Most toolchains I know translate constants like "100.0" to double. Thus, your code most probably contains some unnecessary int-to-double and double-to-float conversions.
Except this is somehow hidden in project settings... The use of an "f" suffix (like "100.0f") would be more clear.

0 Dennis Eichmann over 9 years ago in reply to f. m.

Guru 74080 points

f. m. said:
Most toolchains I know translate constants like "100.0" to double.

Good catch!

You are absolutely right, this one is completely different:

#include "msp430g2955.h"
#include "stdint.h"

uint32_t adc_res = 38205;
float    test;

void main( void )
{
  WDTCTL = (WDTPW | WDTHOLD);	                 // Stop watchdog timer
  TA0CTL = (TASSEL_2 | ID_0 | MC_2 | TACLR);     // SMCLK, divider 1, continuous mode, clear

  // Test code begin
  test = ((adc_res * 100.0f) / 65535);
  test = ((test * 65535) / 100.0f);              // Calculation in float
  // Test code end

  TA0CTL = 0;                                    // Stop timer
	
  while( 1 );
}

This is 846 bytes of code only (was 4604). And it is 1526 cycles compared to 12289 without the f suffix. This now matches OCY's values for float.

What a difference! I didn't know that - thanks a lot!
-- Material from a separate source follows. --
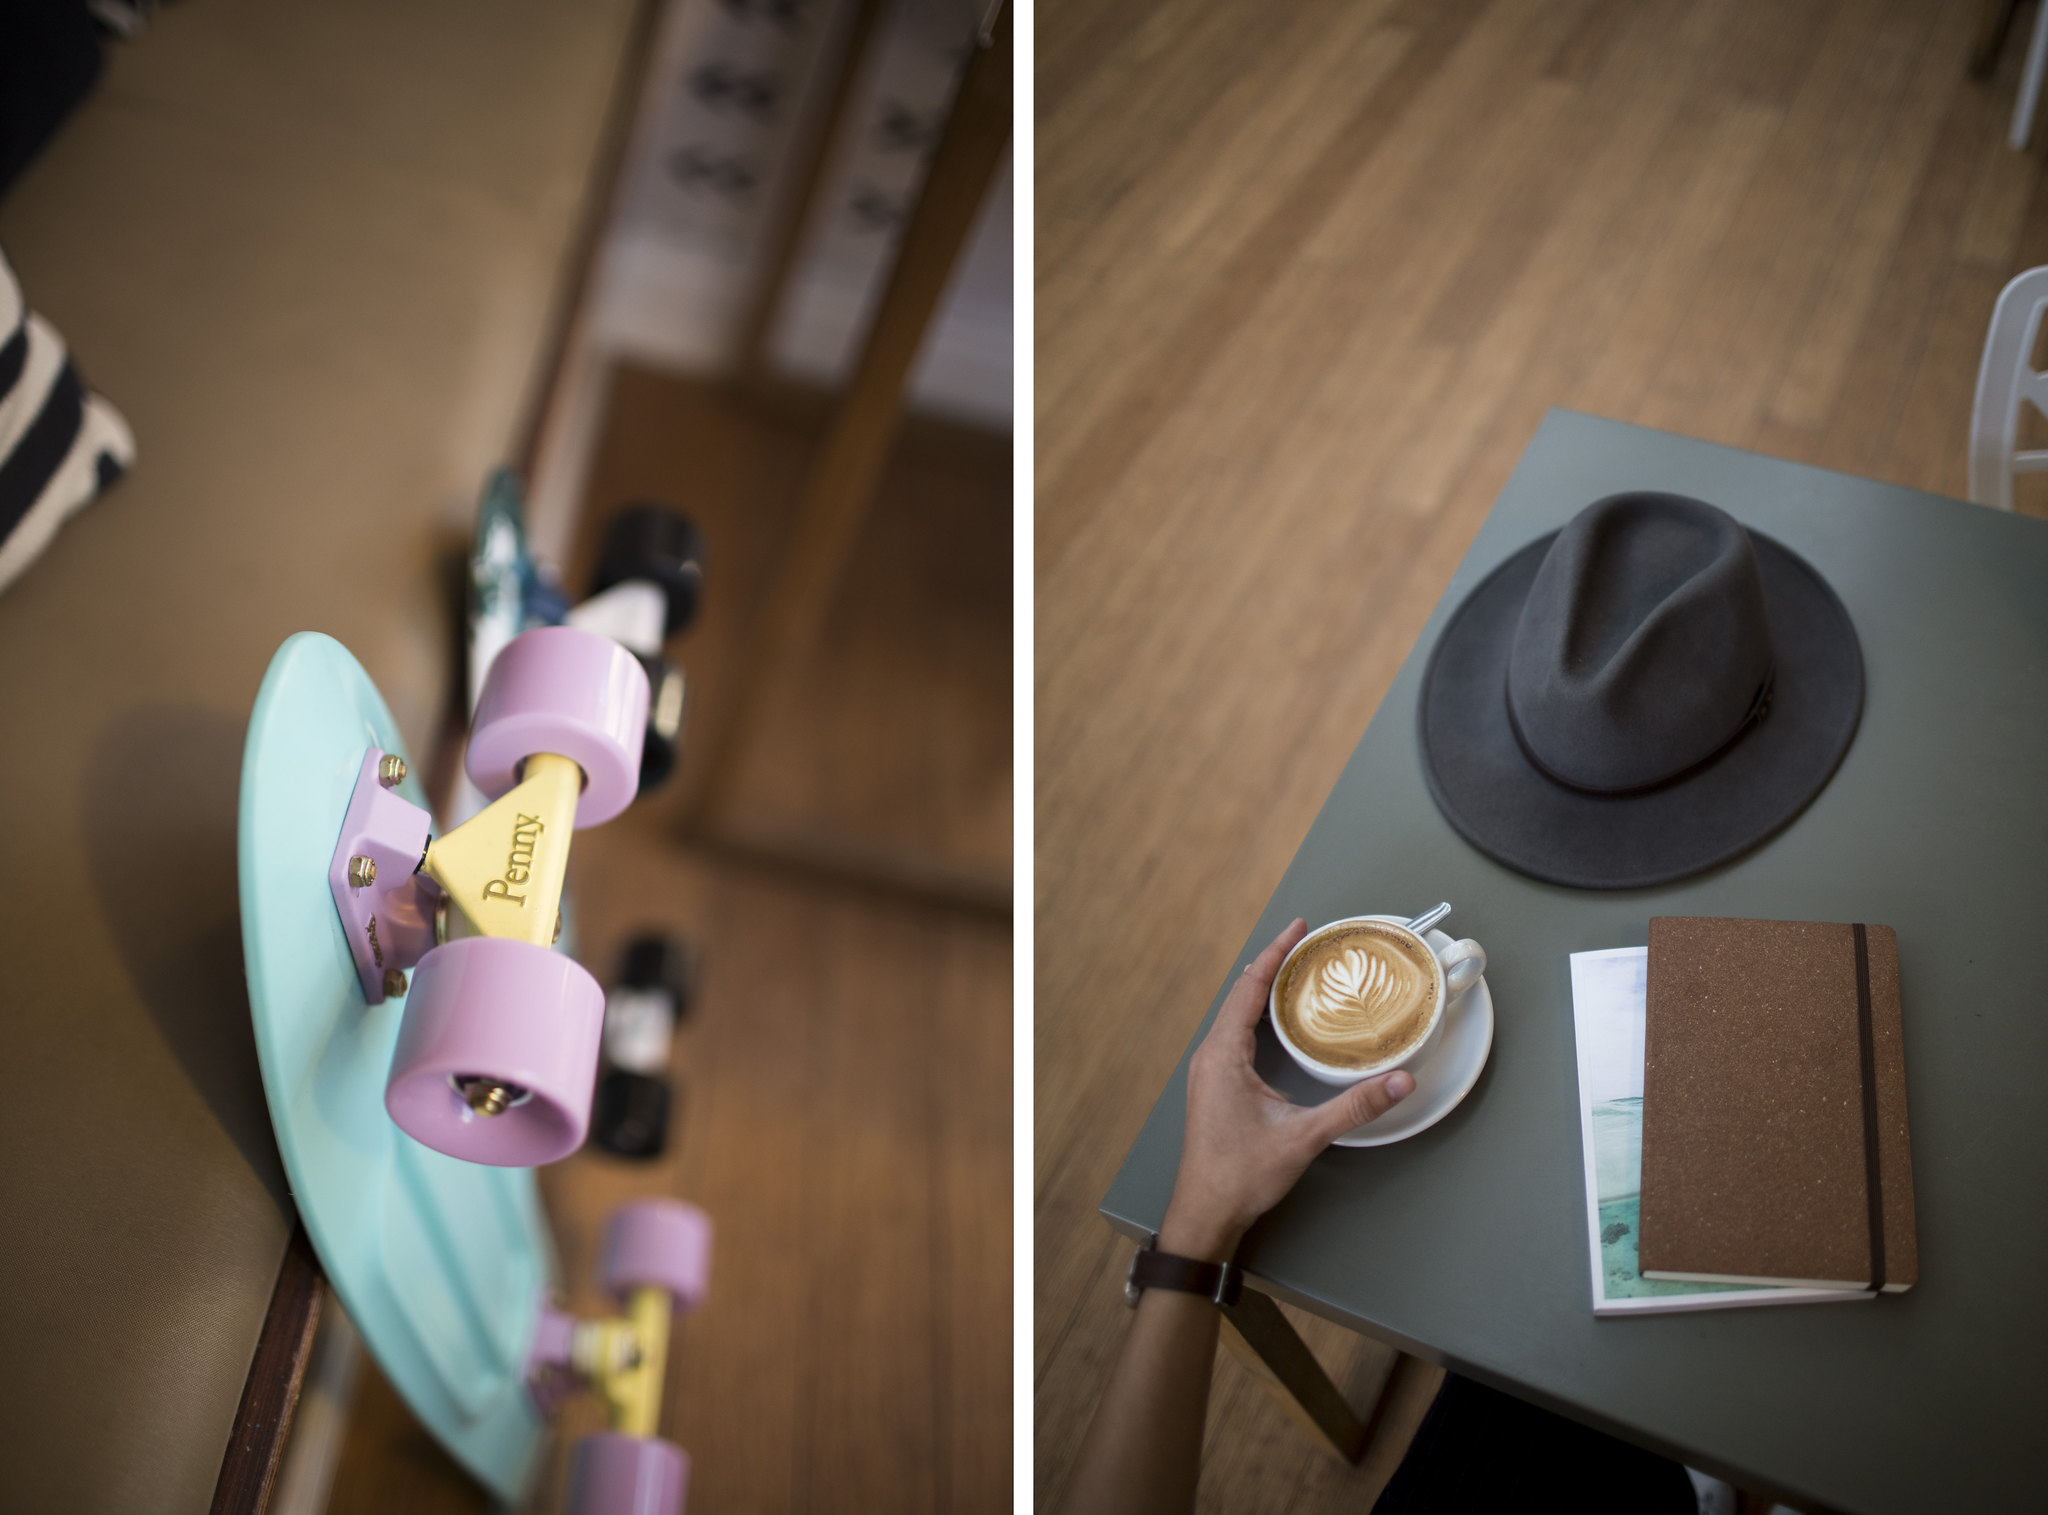 Jordan_Bunker_penny_skateboards_5
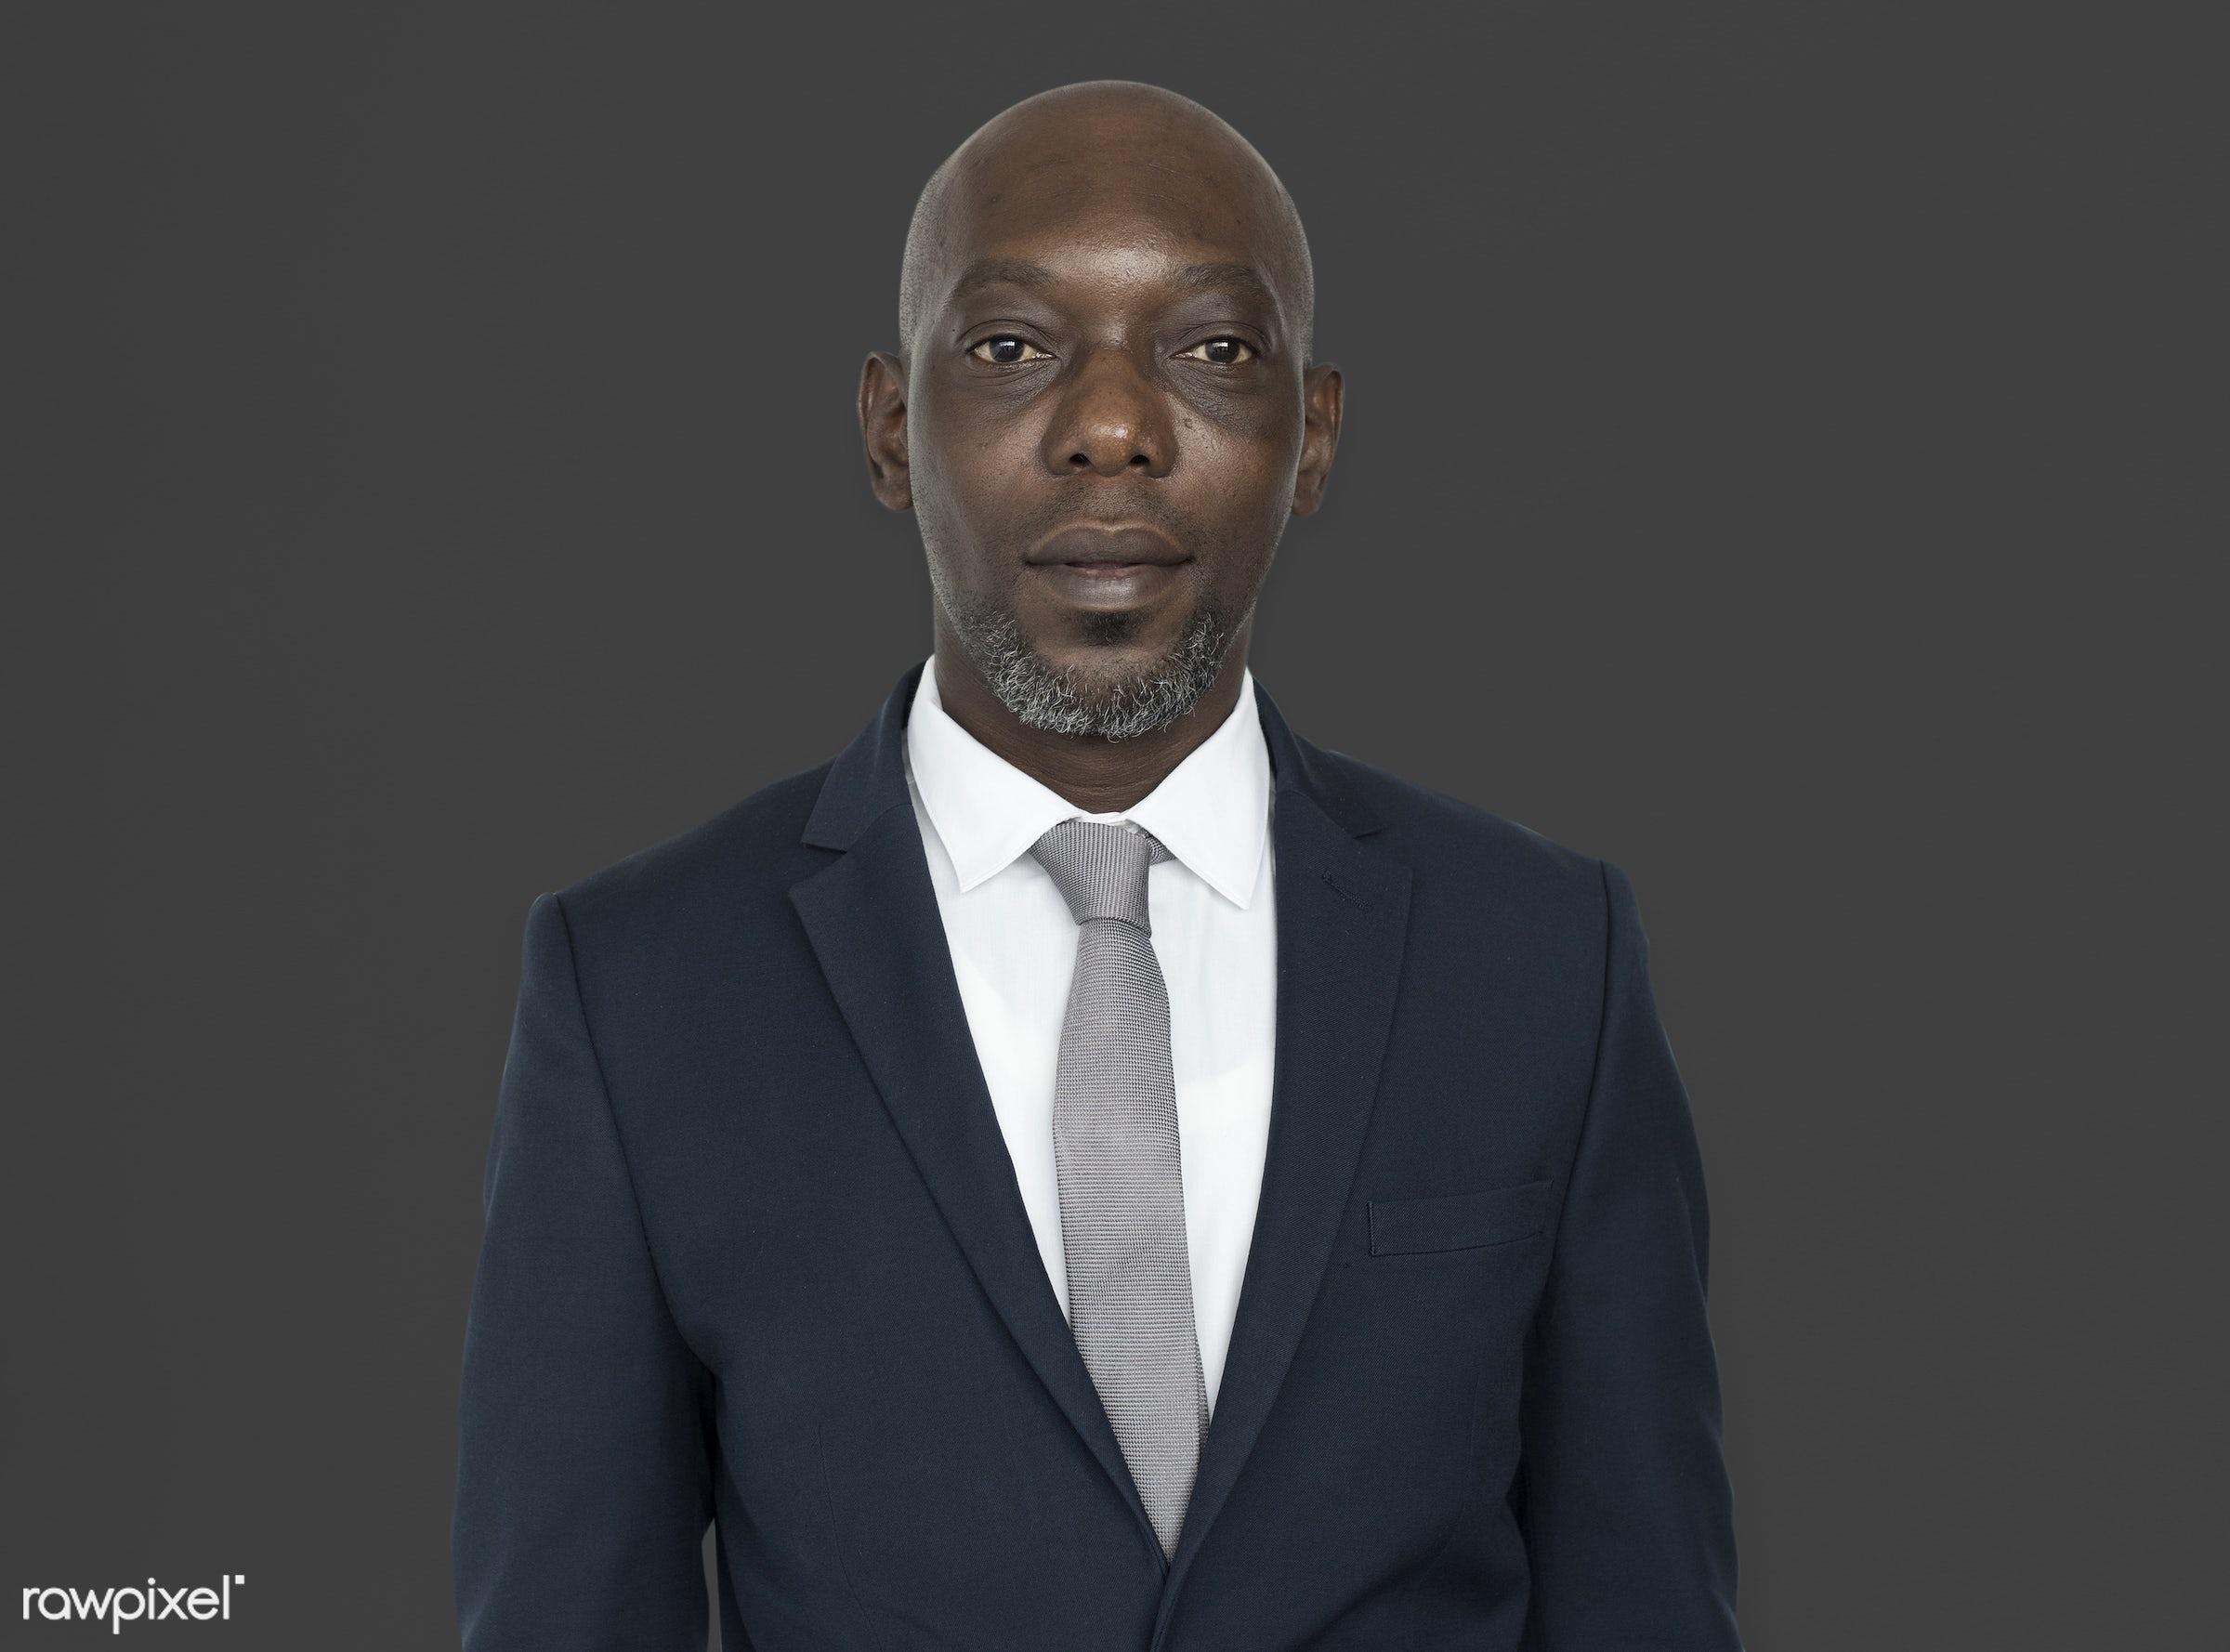 black, african, man, african american, portrait, suit, tie, professional, start up, business

So only 64 bits increases the processing cycles and the code size that much.

Dennis

0 Ilmars over 9 years ago in reply to Dennis Eichmann

Guru 46710 points

Dennis Eichmann said:

Ilmars

Double float (64 bit) is expected to be slower than 64bit integer, not 32bit float.

I would have expected the integer calculations (even 64 bit) to be faster than any floating point operation.

You think floating point is evil, actually it is not :) Most of (fixed point CPU) cycles goes into multiply operation anyway. Normalization of result and exponent addition overhead does not takes so much.

0 Dennis Eichmann over 9 years ago in reply to Ilmars

Guru 74080 points

Yes, actually it is not too bad, that's right. Unfortunately this is my lack of knowledge about how those operations are performed on hardware level.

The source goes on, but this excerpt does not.